Praktische Diätempfehlungen:

  • Einschränkung der Purinzufuhr mit der Nahrung: In Lebensmitteltabellen (vgl. Lesetipps) werden die Puringehalte umgerechnet in Harnsäure angegeben. Wenn Sie solche Tabellen nutzen, ist darauf zu achten, dass auch der Harnsäuregehalt pro Portion angegeben ist, denn nur die tatsächlich verzehrten Mengen sind entscheidend. Eine purinarme Diät sollte nicht mehr als 500 mg Harnsäure pro Tag bzw. maximal 3000 mg pro Woche enthalten.
  • Meiden Sie besonders purinreiche Lebensmittel wie Innereien, Fleischextrakt, Hering, Sardellen, Sprotten, Ölsardinen, geräucherten Fisch, Muscheln sowie die Haut von Geflügel und Fisch und die Schwarte vom Schwein. Fleisch- und Fleischprodukte sollten selten und in kleineren Mengen verzehrt werden.

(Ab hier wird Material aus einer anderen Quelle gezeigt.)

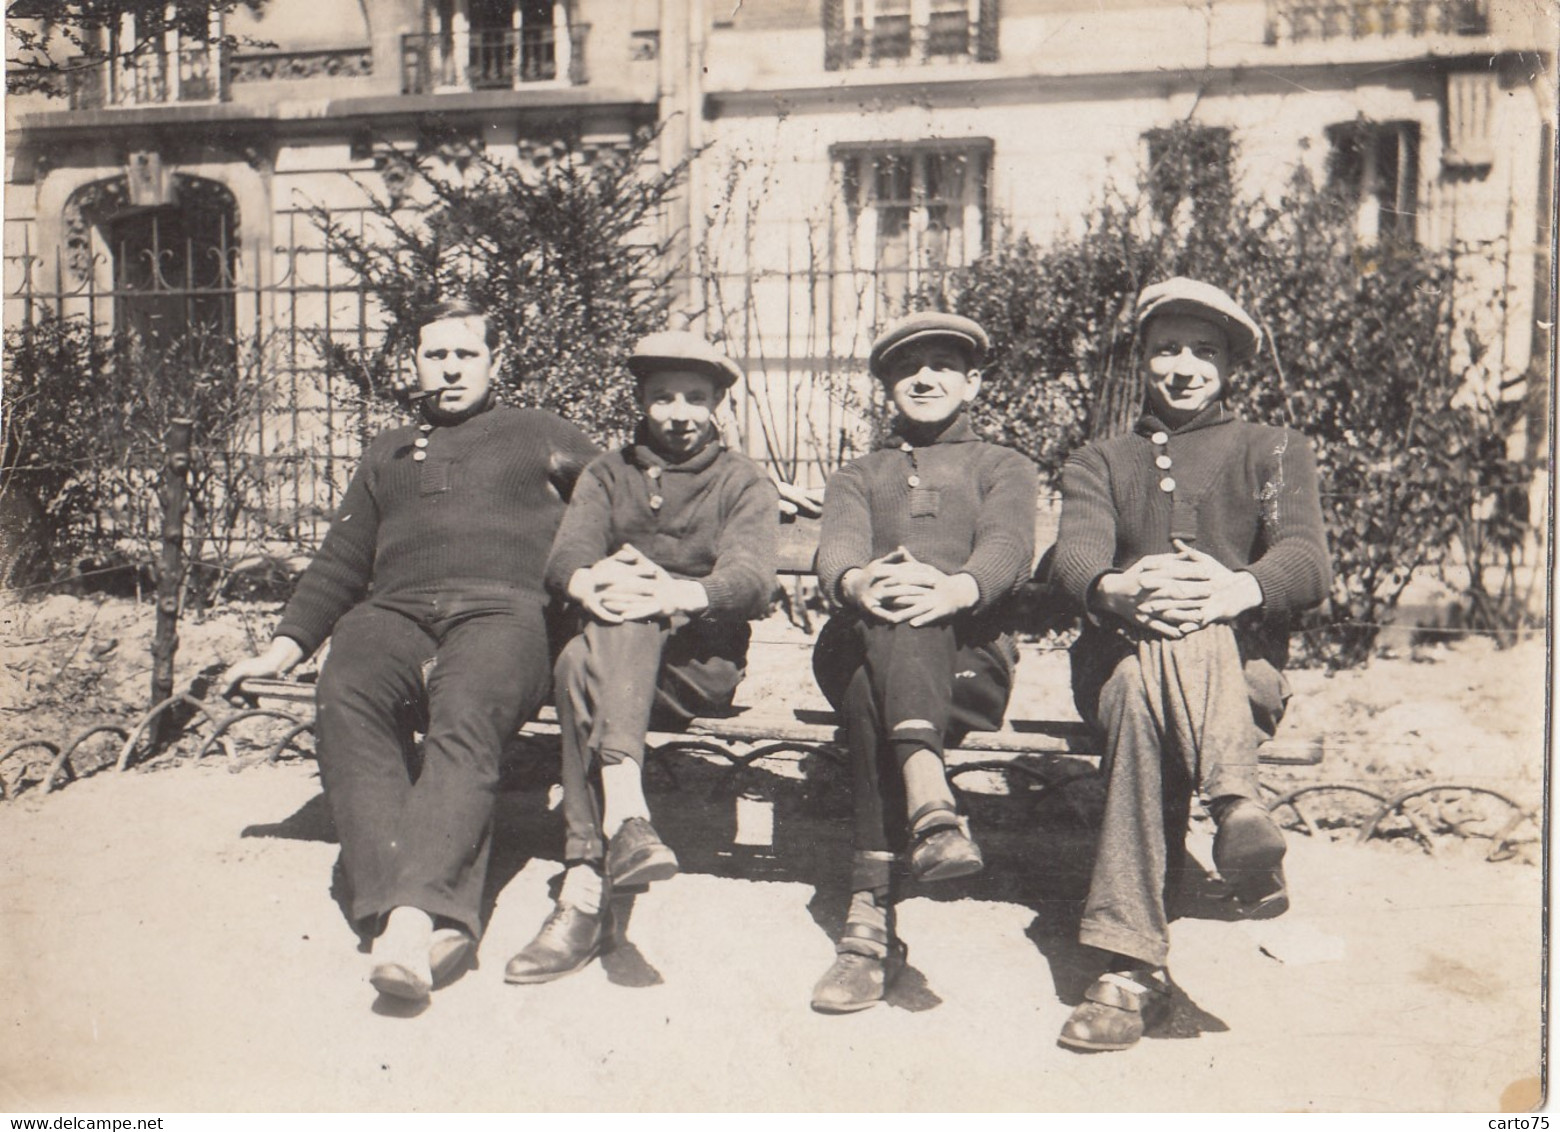 Photographie - 4 Hommes Assis Sur Un Banc - Parc Paris ? - Mode - Années 1930 - Fotografie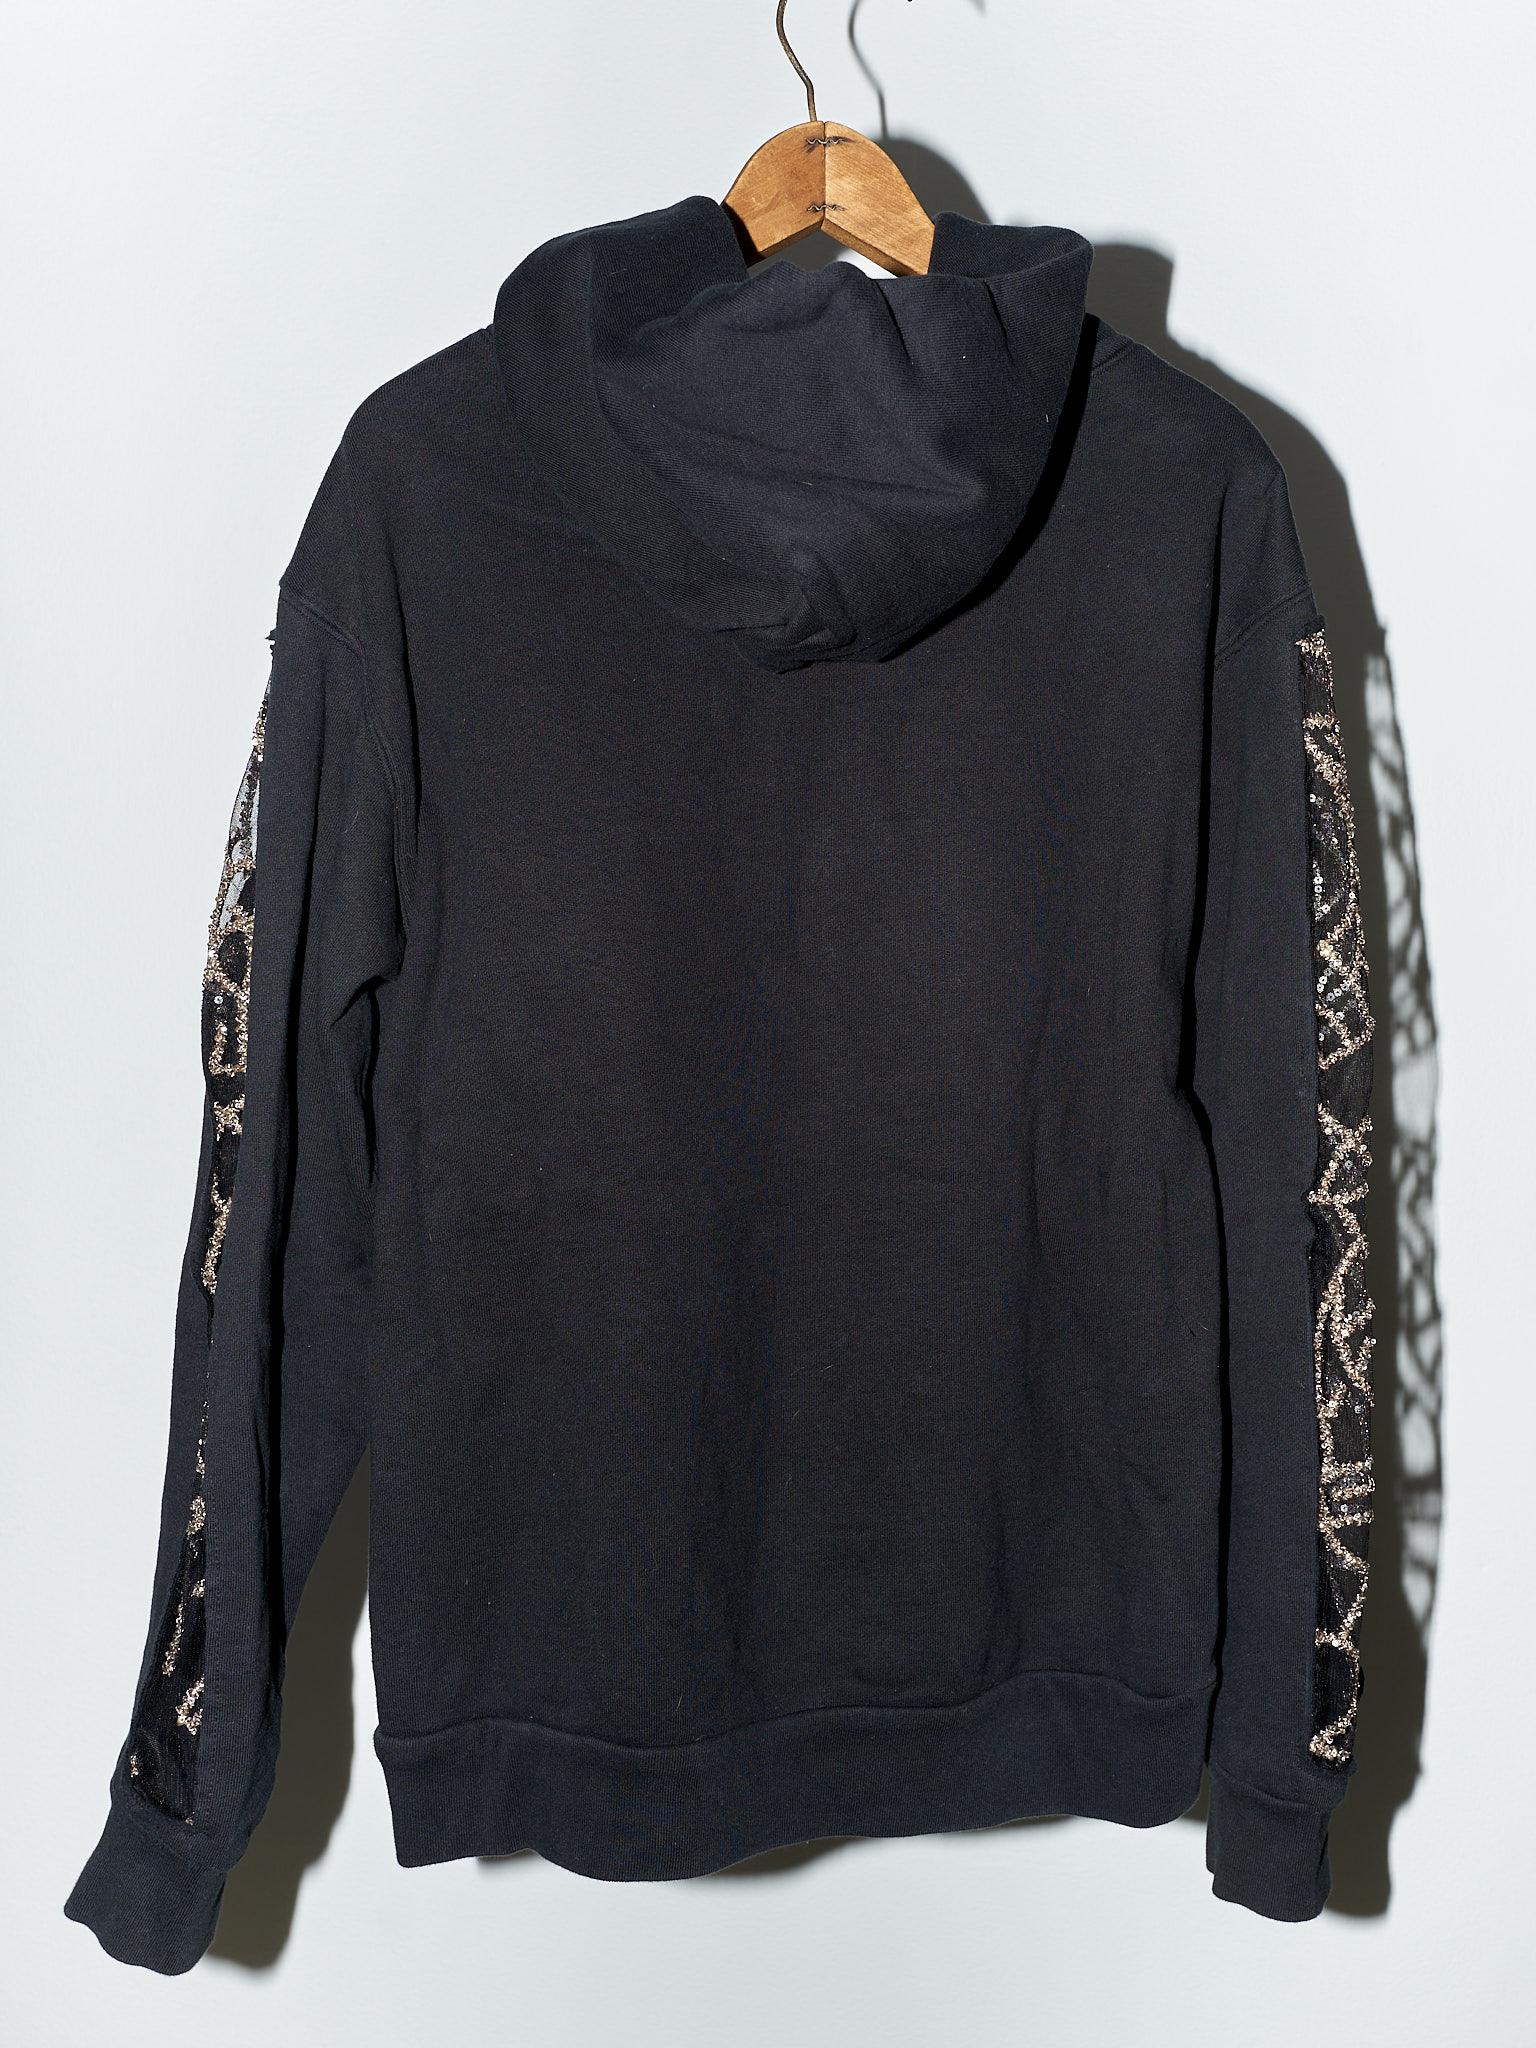 Black Hoodie Sweatshirt Transparent Sheer Mesh Chrystal Embroidery J Dauphin 5

  • Bei pflanzlichen Lebensmitteln sollte der relativ hohe Puringehalt insbesondere von Hülsenfrüchten (weiße Bohnen, Erbsen, Linsen) und Kohlgemüse beachtet werden, besonders wenn dazu zusätzlich Fleisch oder Würstchen gegessen werden. Hefe- und Algenprodukte haben ebenfalls erhebliche Puringehalte. Pflanzliche Rohkost in Form von Obst und Gemüse sollte jedoch täglich auf Ihrem Speiseplan stehen. Die meisten Gemüsesorten sind kalorien- und purinarm und liefern Ihnen wichtige Vitamine, Mineral- und Ballaststoffe. Verwenden Sie vegetarische Gemüsebrühe anstelle von Fleischbrühe.
  • Fettreiche Kost steigert den Serumharnsäurespiegel. Vermeiden Sie besonders fettreiche Lebensmittel wie Mayonnaise, fette Käsesorten, Chips und Pommes Frites. Als tierische Eiweißquellen sollten Sie fettarme Milch- und Milchprodukte den Fleisch- und Wurstwaren vorziehen. Bevorzugen Sie fettsparende Zubereitungsarten wie Dünsten und Grillen anstelle von Braten.
  • Die Zuckeraustauschstoffe Fructose, Sorbit und Xylit, die häufig in Diabetikerprodukten und zuckerfreien Süßigkeiten eingesetzt werden, sind ungeeignet, da sie in hohen Dosen zu einem Anstieg der Serumharnsäurewerte führen.
  • Trinken Sie viel, mindestens 2 – 3 Liter täglich. Je mehr Urin sie bilden, desto niedriger liegt auch der Harnsäurespiegel. Bevorzugen Sie kalorienfreies Mineralwasser, ungesüßte Kräuter- und Früchtetees und verdünnte Obst- und Gemüsesäfte. Die in Kaffee, Kakao und schwarzem Tee enthaltenen Purine können unberücksichtigt bleiben, da sie nicht zu Harnsäure abgebaut werden.
  • Alkoholhaltige Getränke sollten Sie meiden. Alkohol steigert die Harnsäurebildung in der Leber und vermindert die Harnsäureausscheidung über die Nieren, sodass der Harnsäurespiegel im Serum ansteigt. Darüber hinaus führt die Purinbelastung von Bier (auch alkoholarmes bzw. alkoholfreies Bier) zur Anhebung des Harnsäurespiegels.
  • Bei Gicht und gleichzeitigem Übergewicht führt eine Normalisierung des Körpergewichts oft schon zur Senkung des Harnsäurespiegels. Strenge Fastenkuren sollten vermieden werden, da dabei der Harnsäurespiegel erhöht wird und so ein Gichtanfall ausgelöst werden kann.